Meccanismo di insorgenza della retrazione della palpebra superiore
① Patologia del muscolo elevatore della palpebra superiore: L’infiammazione causa edema delle cellule muscolari, portando a edema palpebrale. Il grasso si infiltra tra le fibre muscolari e le cellule muscolari vanno incontro a necrosi e cicatrizzazione, alterando la funzione dell’elevatore.
② Patologia del muscolo di Müller: Il muscolo di Müller, un muscolo liscio innervato dal sistema simpatico, si contrae persistentemente a causa dell’iperattività simpatica associata all’ipertiroidismo, sollevando il tarso e allargando la rima palpebrale.
Gli autoanticorpi contro il recettore del TSH (TRAb) attivano il TSHR sui fibroblasti orbitali, portando alla produzione di citochine infiammatorie (TNF-α, IL-6, IL-1β) attraverso vie di segnalazione a valle.
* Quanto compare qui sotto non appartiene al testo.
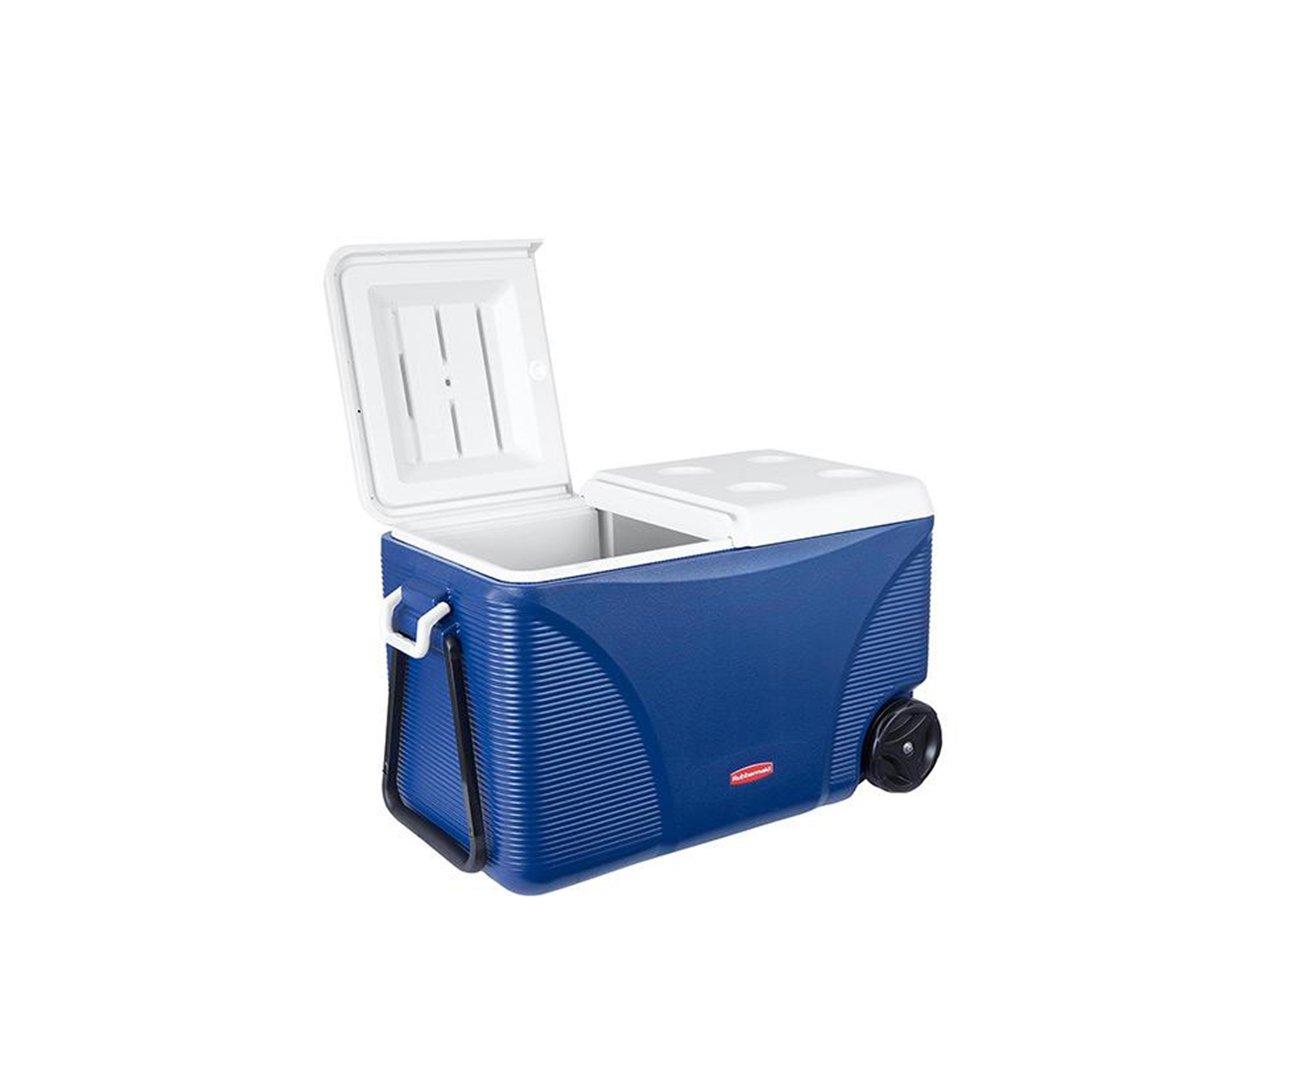 Caixa Termica - Cooler 75 Qt C/ Rodas Azul - Rubbermaid

I linfociti T CD4+/CD8+ infiltrano il tessuto orbitario e amplificano la risposta infiammatoria. I fibroblasti attivati si differenziano in adipociti e miofibroblasti, causando rispettivamente l’espansione del grasso orbitario e la fibrosi dei muscoli extraoculari3).
L’IGF-1R (recettore dell’IGF-1) forma un complesso con il TSHR e partecipa sinergicamente all’attivazione dei fibroblasti orbitali 4). Il blocco di questo segnale del complesso è il meccanismo d’azione del teprotumumab.
Il decorso naturale dalla fase infiammatoria attiva (di solito 1-3 anni) alla fase stabile (non infiammatoria) è stato concettualizzato come curva di Rundle13). L’intervento terapeutico effettivo viene scelto dopo aver valutato l’attività e la gravità1). Nella fase attiva si dà priorità al trattamento antinfiammatorio, mentre nella fase stabile non infiammatoria si pianifica l’intervento chirurgico.
Dopo l’approvazione della FDA, i dati continuano ad accumularsi. Una meta-analisi di 5 RCT (411 casi totali)4) ha confermato efficacia e sicurezza, ma i risultati degli studi di fase IV sono attesi per la sicurezza a lungo termine (esiti a lungo termine come disturbi dell’udito e iperglicemia). È in fase di valutazione anche la possibilità di estendere l’indicazione alla TED inattiva.
Miglioramento della precisione della decompressione orbitaria
Uno studio multicentrico su 7 strutture, 7 chirurghi e 633 occhi 11) ha confermato che non ci sono differenze significative tra i chirurghi quando eseguono la stessa procedura. Questa è un’importante scoperta che supporta la validità statistica degli RCT multicentrici. La decompressione endoscopica della parete mediale ha mostrato un miglioramento significativamente maggiore della protrusione (-3,67 mm vs -2,97 mm, p=0,008) rispetto alla chirurgia aperta per la decompressione della parete mediale e del pavimento. È stato anche dimostrato che la protrusione preoperatoria è statisticamente significativamente associata al cambiamento postoperatorio della protrusione (p<0,001), ribadendo l’importanza della valutazione preoperatoria.
Le fluttuazioni di TRAb e TSAb nella fase attiva sono correlate al CAS e la ricerca sulla selezione del trattamento basata sui biomarcatori è in corso. È atteso un ampio RCT sul tocilizumab (inibitore dell’IL-6) per i casi refrattari.